SEBI wants to create a new category of fund sellers: Postal agents, retired teachers, retired government and semi-government officials who will sell units of ‘simple’ and ‘performing’ mutual fund schemes. The concept and the definition of these two terms should rank pretty high in the list of harebrained ideas from regulators
The Securities and Exchange Board of India (SEBI) recently passed a circular that sharply increases charges for mutual fund investors. This by far is the worst we have seen from the market watchdog. Apart from penalising long-term investors (Read: Mutual funds to be expensive from 1st October ) SEBI’s circular also states “A new cadre of distributors, such as postal agents, retired government and semi-government officials (class III and above or equivalent) with a service of at least 10 years, retired teachers with a service of at least 10 years, retired bank officers with a service of at least 10 years, and other similar persons (such as bank correspondents) as may be notified by AMFI/AMC from time to time, shall be allowed to sell units of simple and performing mutual fund schemes.”
Now what is SEBI’s ‘simple’ and ‘performing’ mutual fund schemes? SEBI has helpfully defined it: “diversified equity schemes, fixed maturity plans (FMPs) and index schemes.” If SEBI considers diversified equity schemes as simple, we wonder why SEBI has not included debt income schemes and liquid schemes as well and which are not complex? And FMPs were the main cause of distress for investors and SEBI in the 2008 crash, which wiped out a fund house.
But what is even more intriguing is the second part of the idea. The schemes “should have returns equal to or better than their scheme benchmark returns during each of the last three years.” (our emphasis). This criterion for selecting schemes is not only wrong but investing in certain schemes based on this can be harmful to one’s investment. And what’s worse is that this would be the investments of hard earned money of savers from small towns and cities who would invest on the trusted advice of ‘government’ employees, postal agents, teachers and ‘senior’ bank officers.
Schemes that beat their benchmark in each of the last three years are not necessarily consistent performers. Take for example the scenario in August 2007, had one planned to invest at that time there would have been funds like SBI Magnum Global Fund 94, Reliance Vision and DSP BlackRock India Tiger Fund among the list of schemes that beat their benchmark on each of the last three years. What happened subsequently?
Let’s take the most recent period just for making our point clear.
Here are some more issues that show how foolish SEBI’s idea of ‘performing’ schemes is.

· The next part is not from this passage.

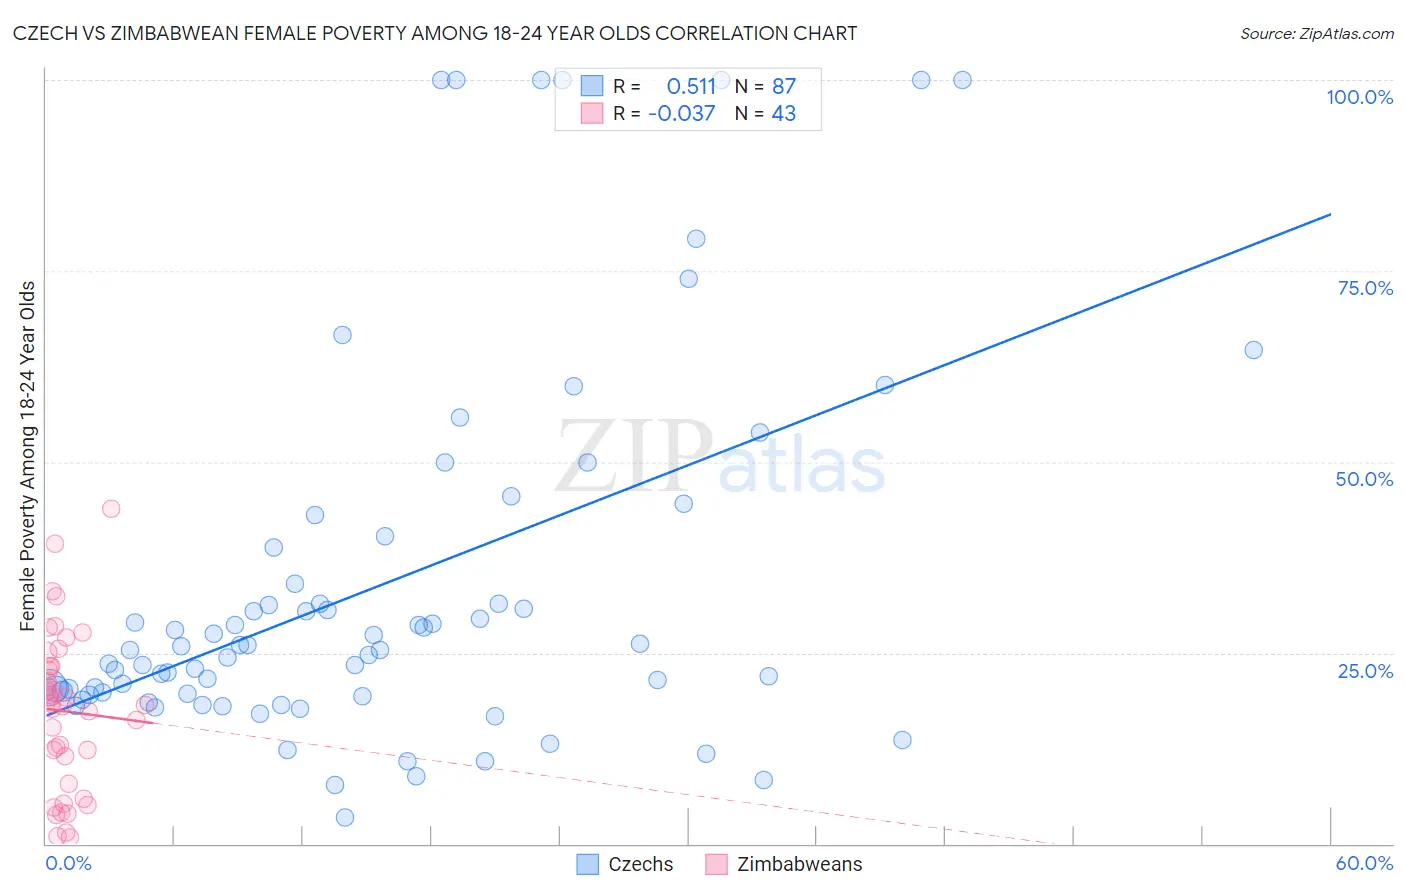 Czech vs Zimbabwean Female Poverty Among 18-24 Year Olds

And as long as SEBI allows fund companies to charge 1.5% on index funds, allowing retired teachers to sell index funds to the masses is patently doing severe harm.
Would the retired government officials be able to do their own research and select the top schemes or would they just push the schemes that would earn them higher incentives? Who would be responsible if investors lost their hard-earned money by investing in the wrong scheme? After all, SEBI has only found new ways to bribe mutual funds companies to reach them, not protect their interests with appropriate metrics and making fund houses and sellers accountable.
Bureaucrats who run the regulatory bodies come up ideas that are well-meaning but senseless because of their tendency to bring in value judgements that have little to do with reality. In 1992 when Dr Manmohan Singh declared that foreign funds would be allowed to invest in India, he said only ‘reputed’ institutions would be allowed to invest here. Dr Singh’s value judgement looked ridiculous and even more so with the reputation of Wall Street firms like Goldman Sachs, Merrill Lynch, Citi and Morgan Stanley in tatters after their role in sub-prime crisis of 2007-08 came to light.
We suspect that this breathtakingly silly idea will remain stillborn like many other ivory-tower ideas of regulators. This is simply because it is not possible to implement it and neither will there be any takers for it.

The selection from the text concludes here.